“It is time to close the cracks,” repeats a group of Peronist leaders as a slogan. Cracks inward, where the party is worn out in the debate between the leaderships of Cristina Kirchner and Axel Kicillof. And cracks outward, due to the multiple fights they faced during the government administration.
That is why the federal Justicialism, which had already met in Parque Norte in May, did so again in mid-June, but in the Interior. Under the slogan of “Peronism debates”, as they call the event, the leaders met in Concepción del Uruguay, Entre Ríos, to present a plan to the countryside, the declared enemy of Kirchnerism since “la 125”.
Warm The organizers of the third Peronism escape personalisms. To avoid definitions and get away from the internal fight between Cristina and Axel, they say that “it is not time to discuss candidates.” But they want to become the alternative to Javier Milei.
It is not an easy task, they start the race from far behind. Unlike the other spaces, they do not have any names with political weight. The highest representatives are the head of the AGN, Juan Manuel Olmos, and the deputies Guillermo Michel and Victoria Tolosa Paz.
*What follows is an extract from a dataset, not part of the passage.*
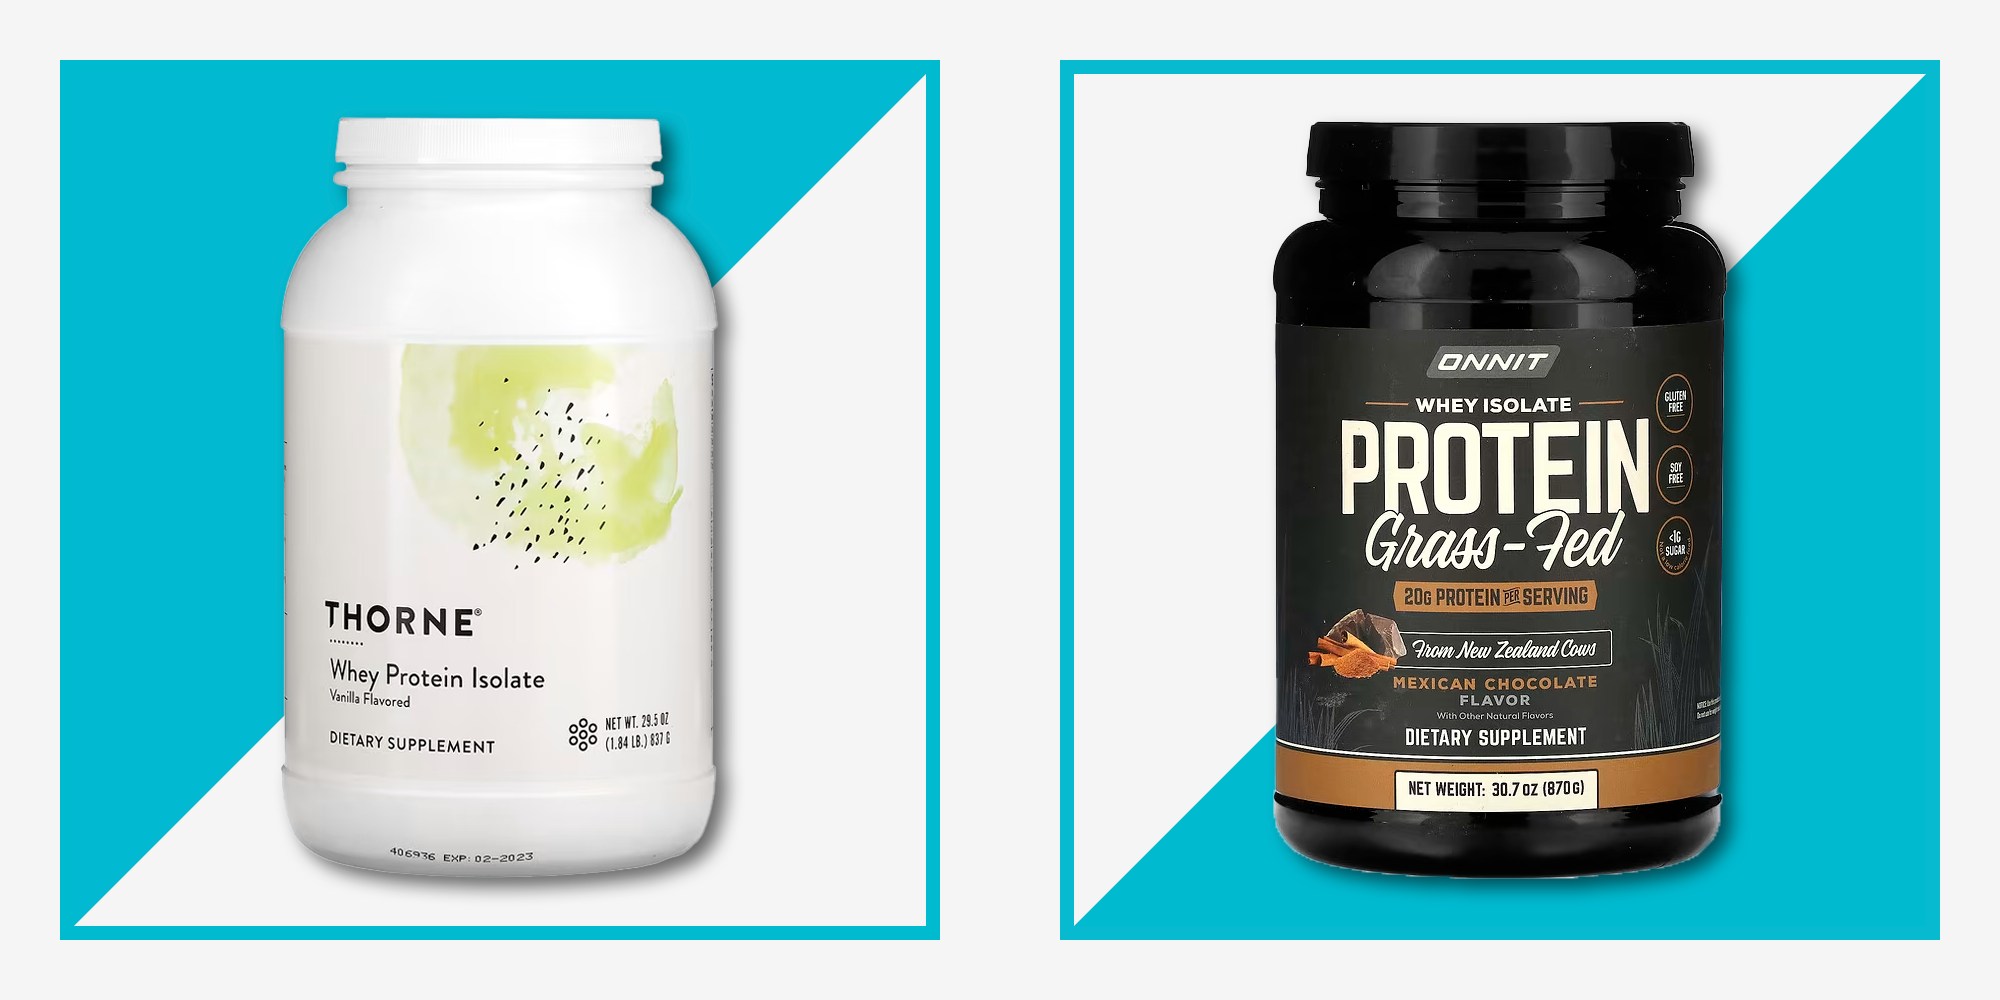 Are protein powder and gym supplements for weight loss safe? Find
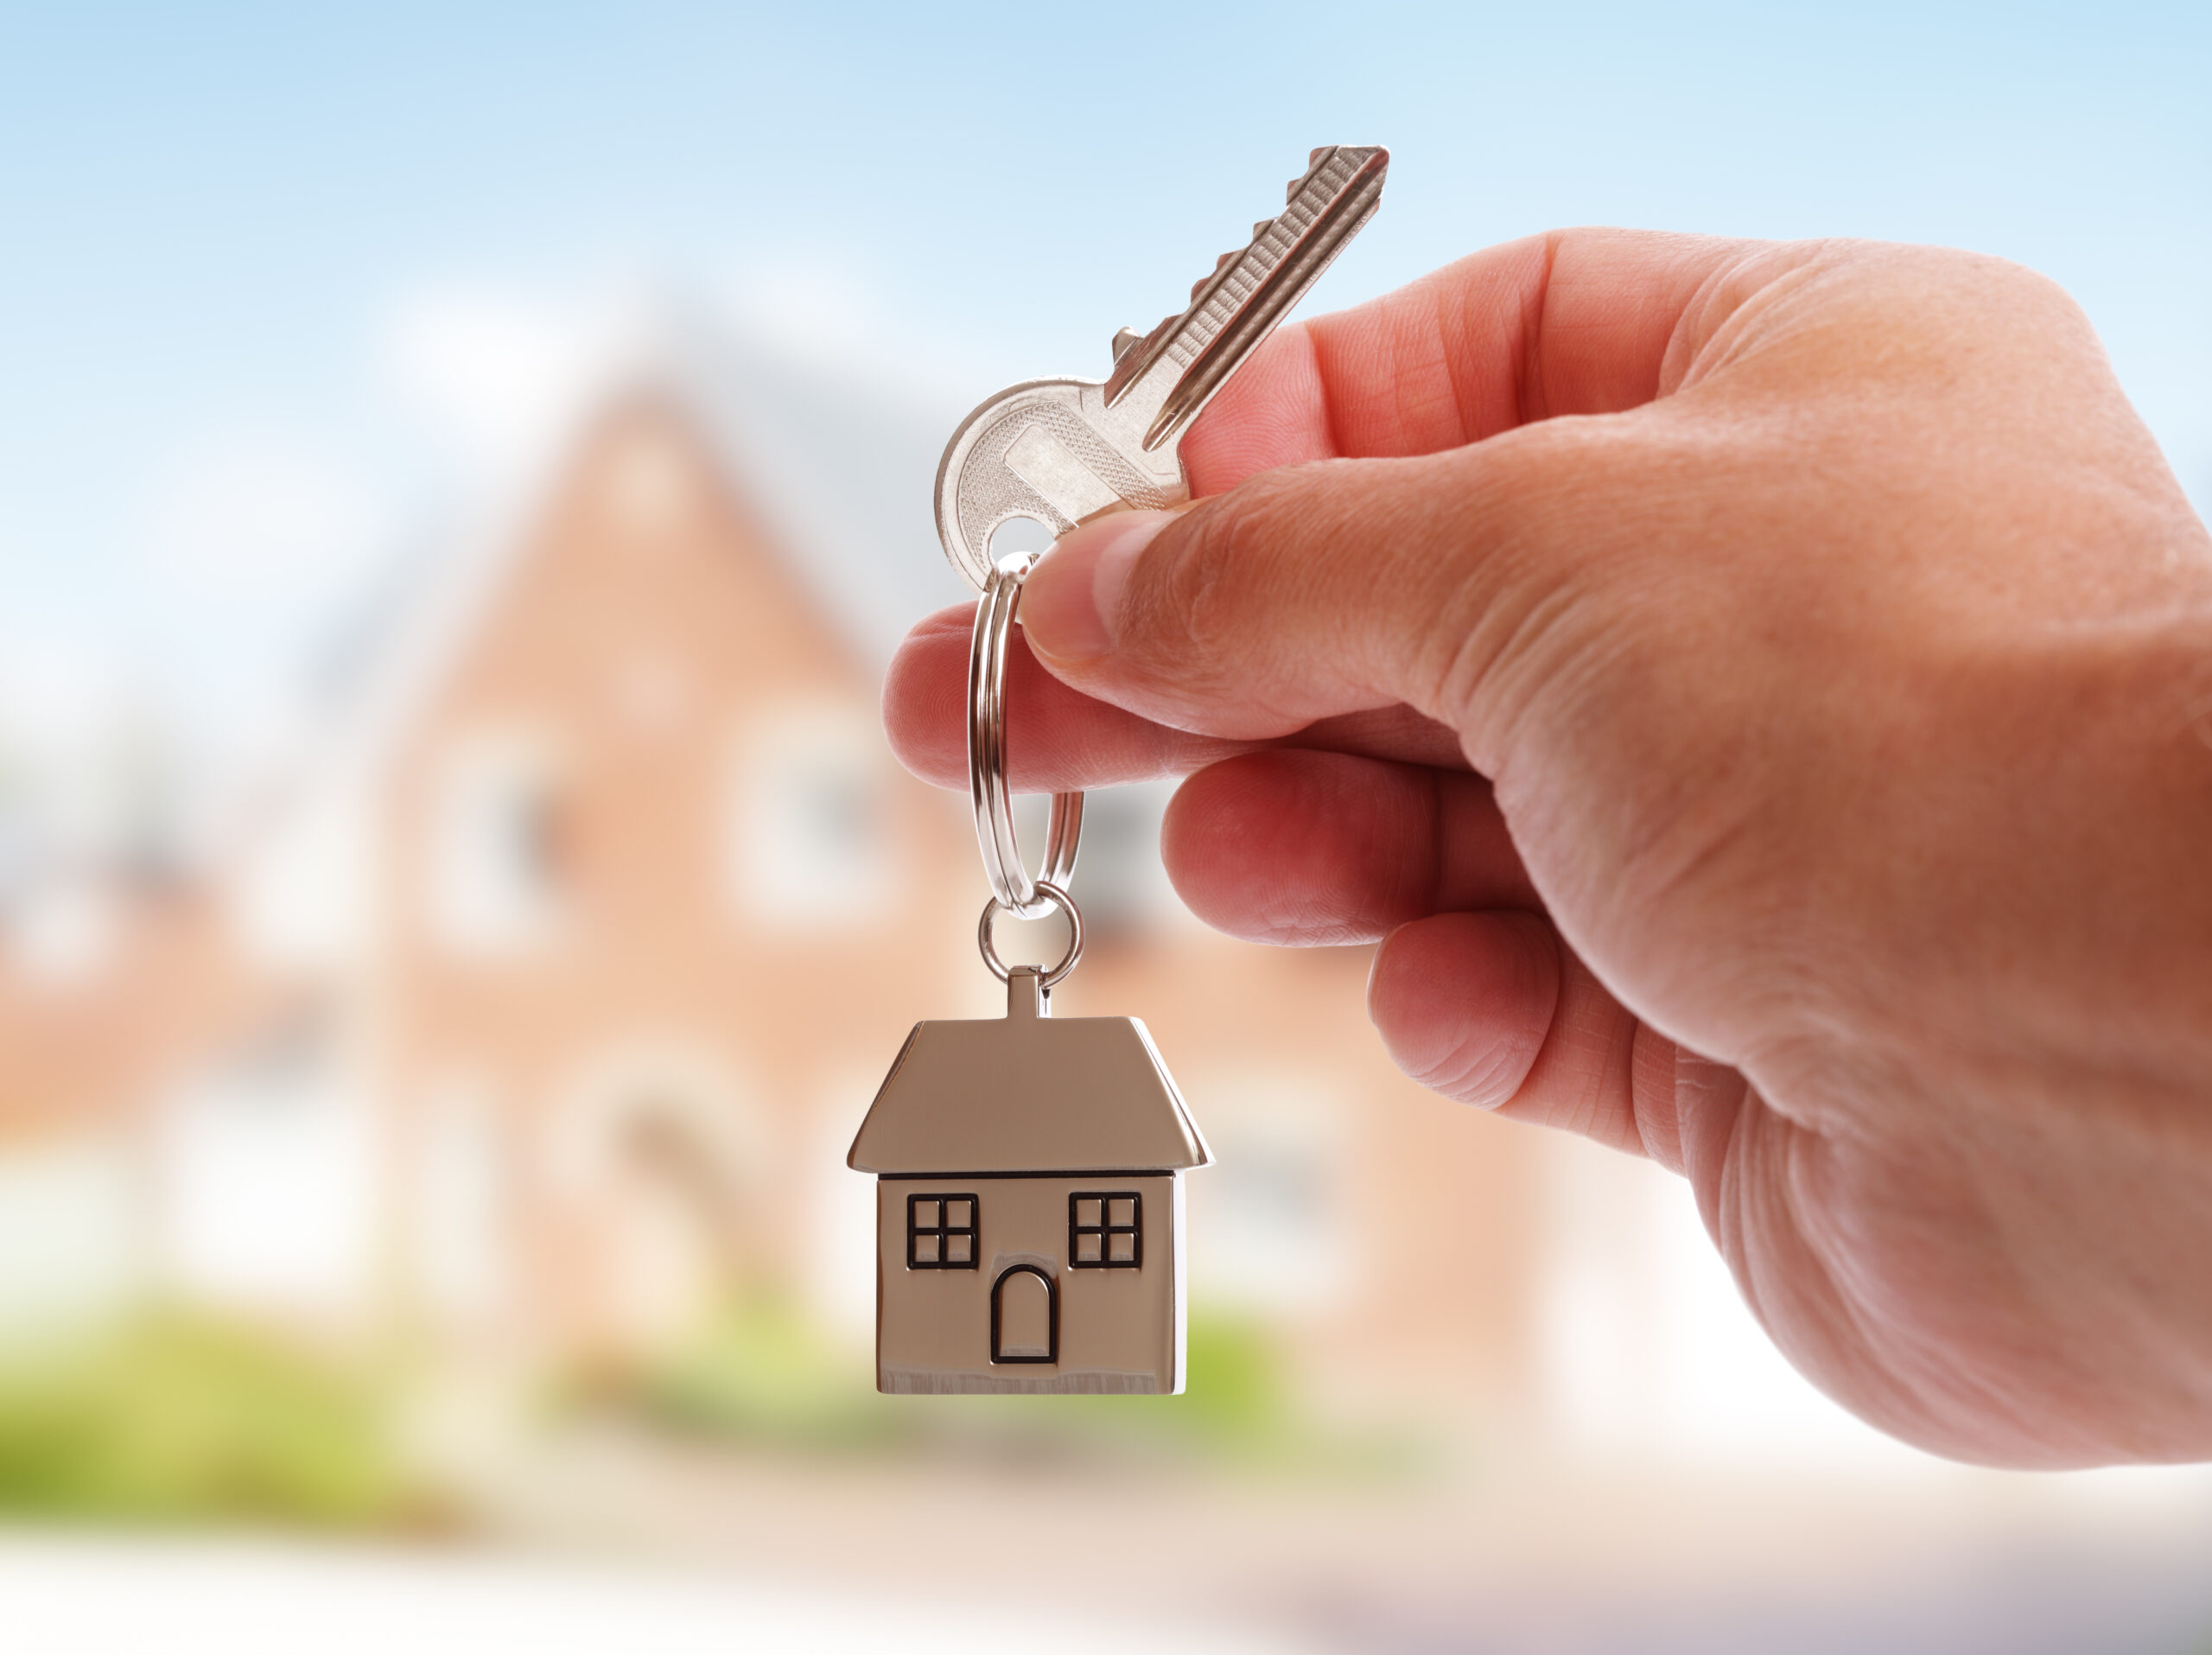 What do people look for in a new home? - Holding house keys on house shaped keychain in front of a new home

To avoid this problem they added a lot of militancy. And from all over the country. They may not be the best known, but there are many. In the Concepción tent they gathered 1,600 leaders from most of the provinces. There they presented the “Federal Program for Agricultural Competitiveness.” A document with eight objectives: The first, a comprehensive tax reform for the countryside that would include a review of the withholding scheme, one of the political flags of Kirchnerism.
The speakers at the event criticized the President. “We have to return to represent those who believe in work, production. That is the challenge that Peronism has,” said Senator Marcelo Lewandoski. However, they had to be updated to some of the concepts that La Libertad Avanza planted and that flourish for all politics. “Fiscal balance must exist,” he admitted. Although he later justified: “But it should be a means and not an end. Politics has to serve so that people live better.”
Armed. The thread inside the country is not exclusive to federal Peronism. In Entre Ríos, for example, Kirchnerism and Kicillof’s Right to the Future Movement had organized activities.
Days before Olmos and Tolosa Paz disembark, Máximo Kirchner led a political plenary in Paraná. “Peronism is not in a position to exclude anyone, it must hold internal debates,” he said at the headquarters of the ATE union. And he attempted a tepid self-criticism: “Understanding that part of this President arriving at the Casa Rosada has to do with the fact that Peronism became very timid and stopped doing the things it had to do.”
Kicillof’s MDF had carried out its activity a couple of days before in the same province. Officials close to the Buenos Aires governor had landed in Concordia to carry out an activity on public health. In less than a week, the three Peronisms gained footing in the province governed by an ally of Milei, Rogelio Frigerio.
Kicillof works hard to re-arm Peronism. Of course, with the advantages that virtuality gives it. He appears at militant events through videos, to avoid having to travel and interrupt his activity as governor. There is a libertarian logic in his idea: if it worked for Milei to campaign without touring the country, he could emulate it. In recent days, he participated in a meeting in the south of Santa Fe via video conference. “We have to put all our energy into preparing for what is coming,” the governor harangued. And he concluded: “We are coming up with a discussion, a debate and a historic election that has to do with the future of Argentina, with the disasters they are causing and with how the national heritage, our industry and jobs are being put at risk.”
The primary idea of federal Peronism is to escape the dichotomy of Kirchner versus Kicillof. But in any case, if the objective fails, at least they will have enough political muscle to stand up to the future opposition candidate.
For this reason, many governors are attentive to this new adventure. Like Martín Llaryora from Córdoba, who enabled Nadir Nifury, his official, to participate in both meetings of “Peronism in debate.”
The next meeting is beginning to be outlined for next month and it would be in the north of the country. They want to convince the leaders of the historic party that there are changes that are irreversible since the arrival of Milei. With all the criticism they make of the President, they admit that, even if the PJ has to govern again, the next administration cannot lack economic order and fiscal balance.